Lifestyle & Fashion

Three Major Sports Events in the 1960s

The 1960’s was an era of change that left its mark on sports. Television introduced an entirely new way for us to watch and engage with sports; thus increasing popularity. Additionally, professional leagues were formed, leading to players receiving higher salaries as well as more physical contact in football games – as well as witnessing its inaugural event; Super Bowl I in 1967 being just one of many memorable examples.

In the 1960s, The Boston Celtics were an unstoppable basketball force – winning nine out of ten possible championships and featuring such iconic players as Wilt Chamberlain. Muhammad Ali also rose to fame during this time period – both entertaining fans with his fighting style as well as making headlines by speaking out on political matters.
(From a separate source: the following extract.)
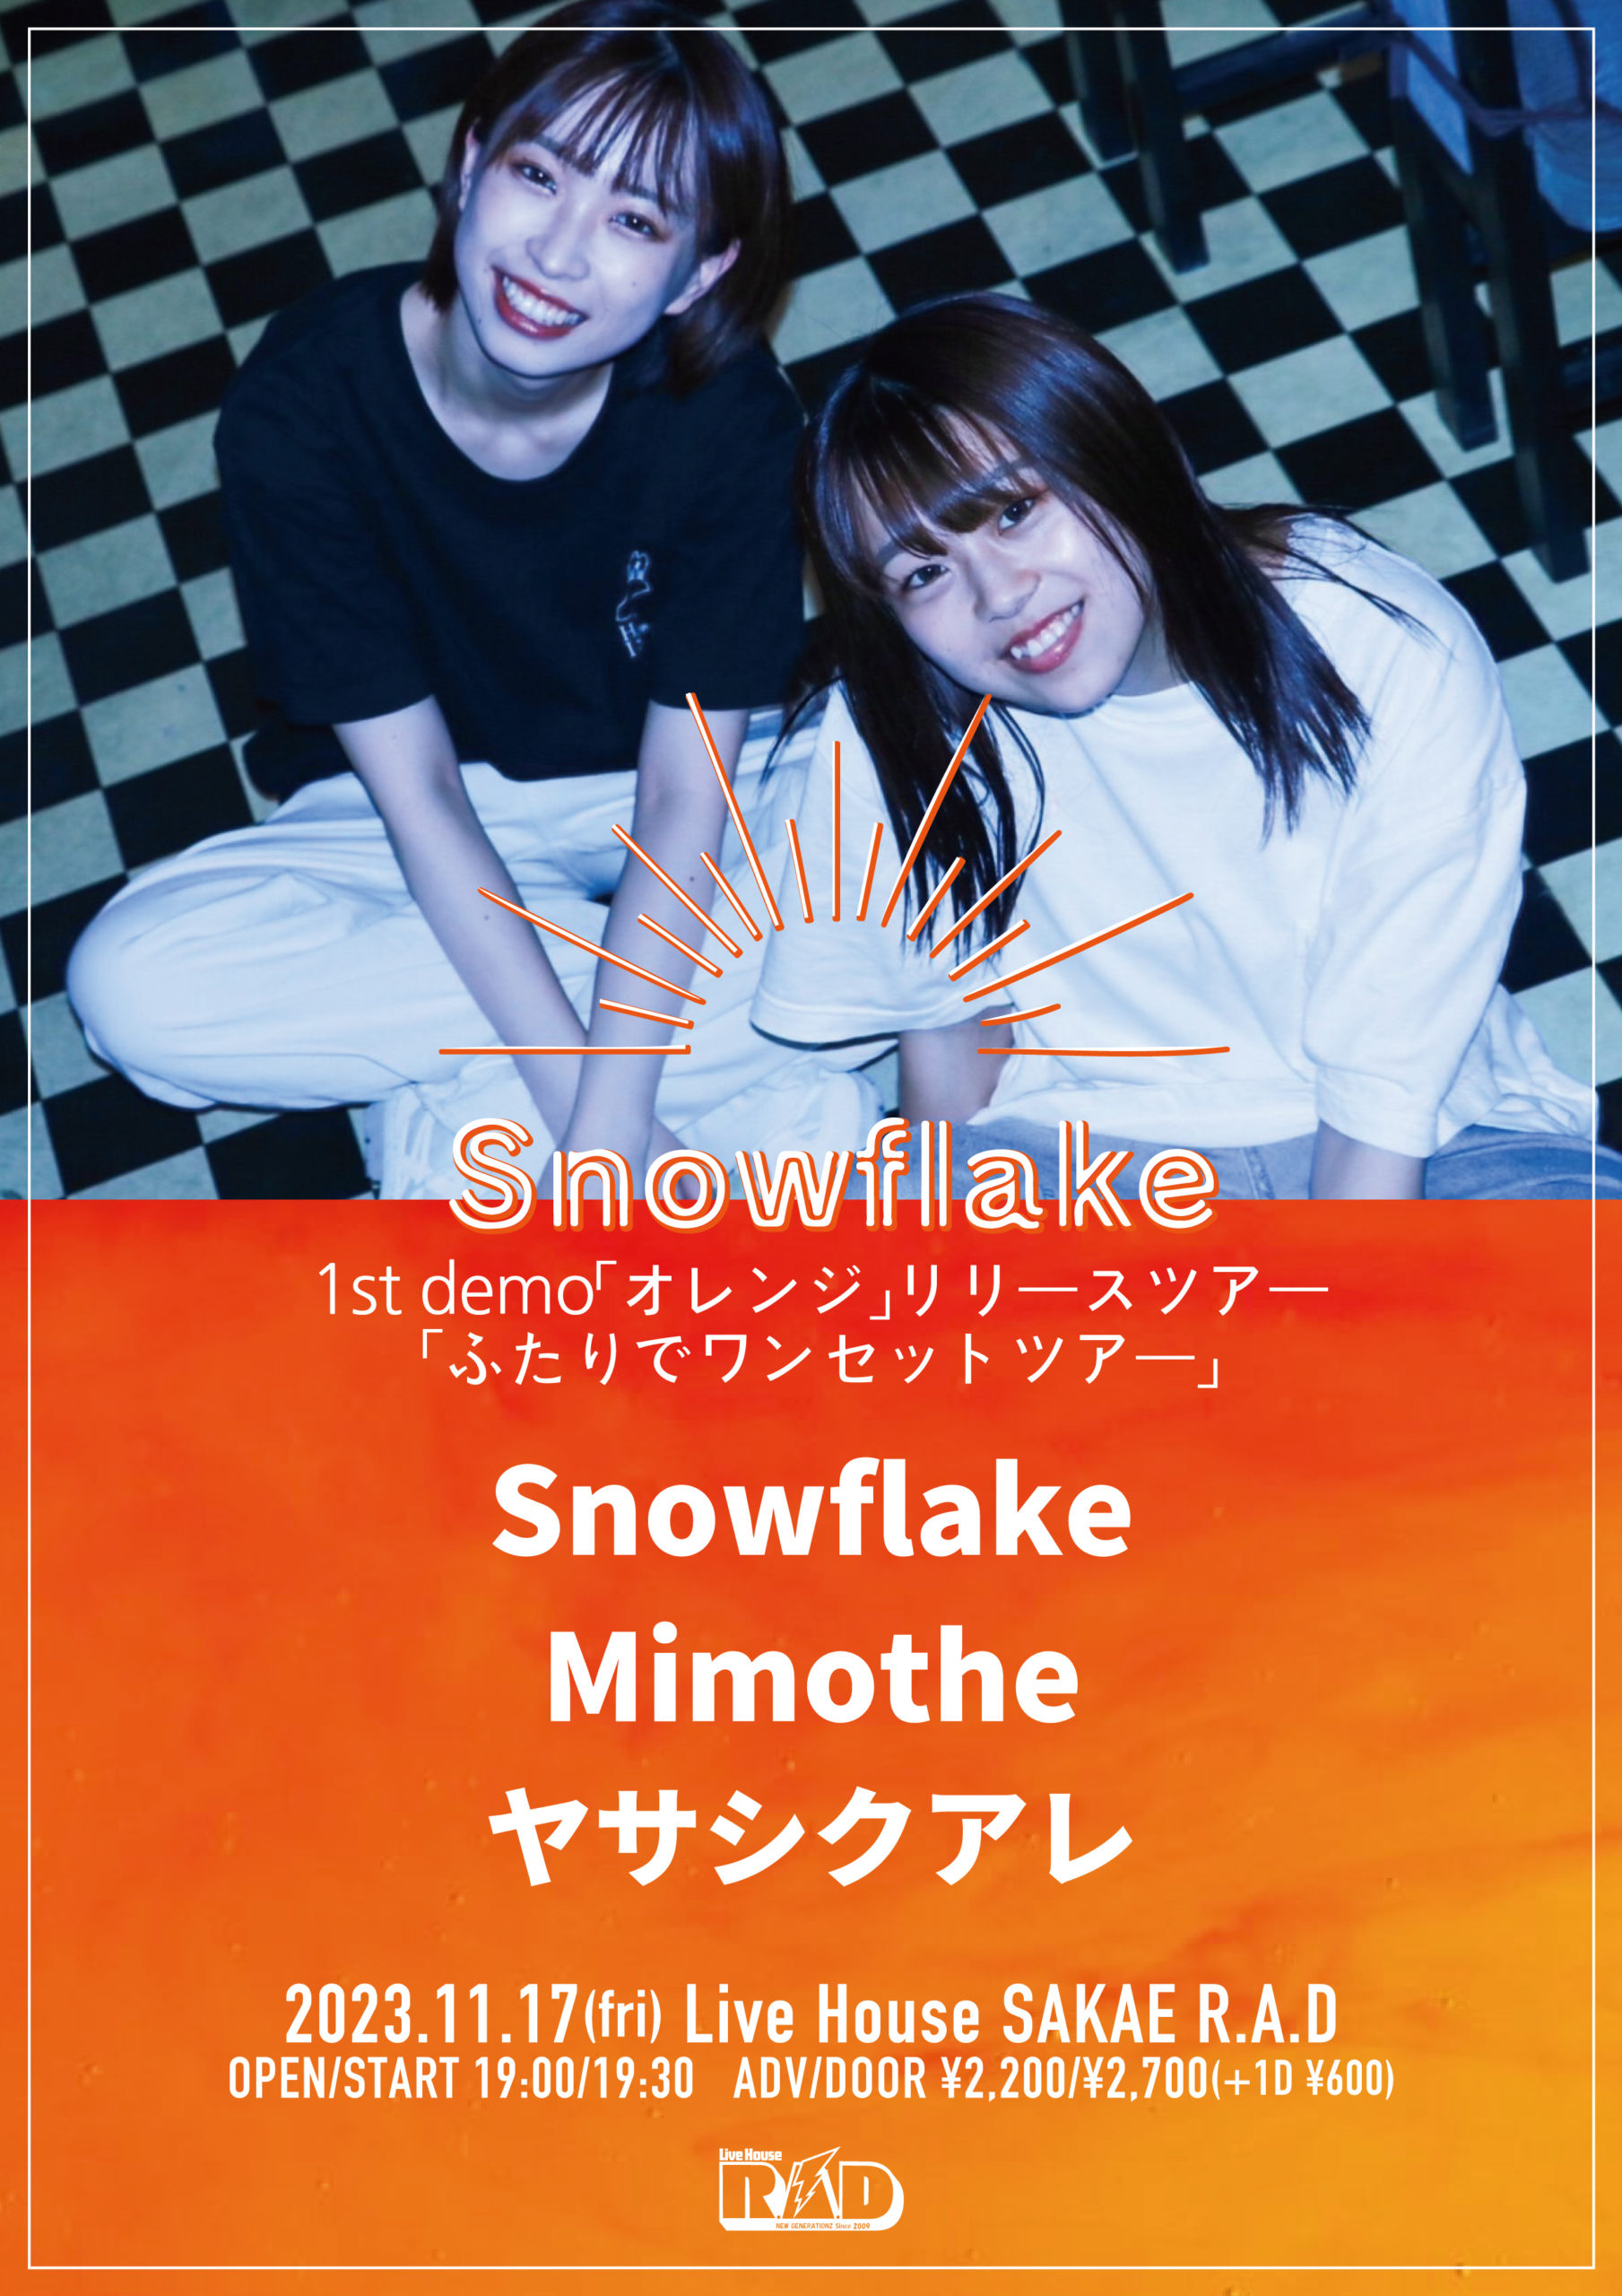 Snowflake 1st demo「オレンジ」リリースツアー 「ふたりでワンセットツアー」

Jack Brabham of motor racing fame won his second F1 title while tragedy struck when all members of the USA figure skating team died in a plane crash while traveling to Prague, Czechoslovakia for World Championships. Australia and Soviet Union tied for overall medal count winners during major multi-events such as FIFA World Cup (football), Commonwealth Games and Winter Universiade held in Sestriere Italy;

baseball became immensely popular during the 1960’s with superstar players like Roger Maris, Mickey Mantle, Roger Clemente and Sandy Koufax leading their respective teams to World Series victories. Pittsburgh Pirates defeated Casey Stengel’s New York Yankees in Game 7 for another World Series championship victory with Bill Mazeroski hitting a home run that won it for them – an iconic moment indeed!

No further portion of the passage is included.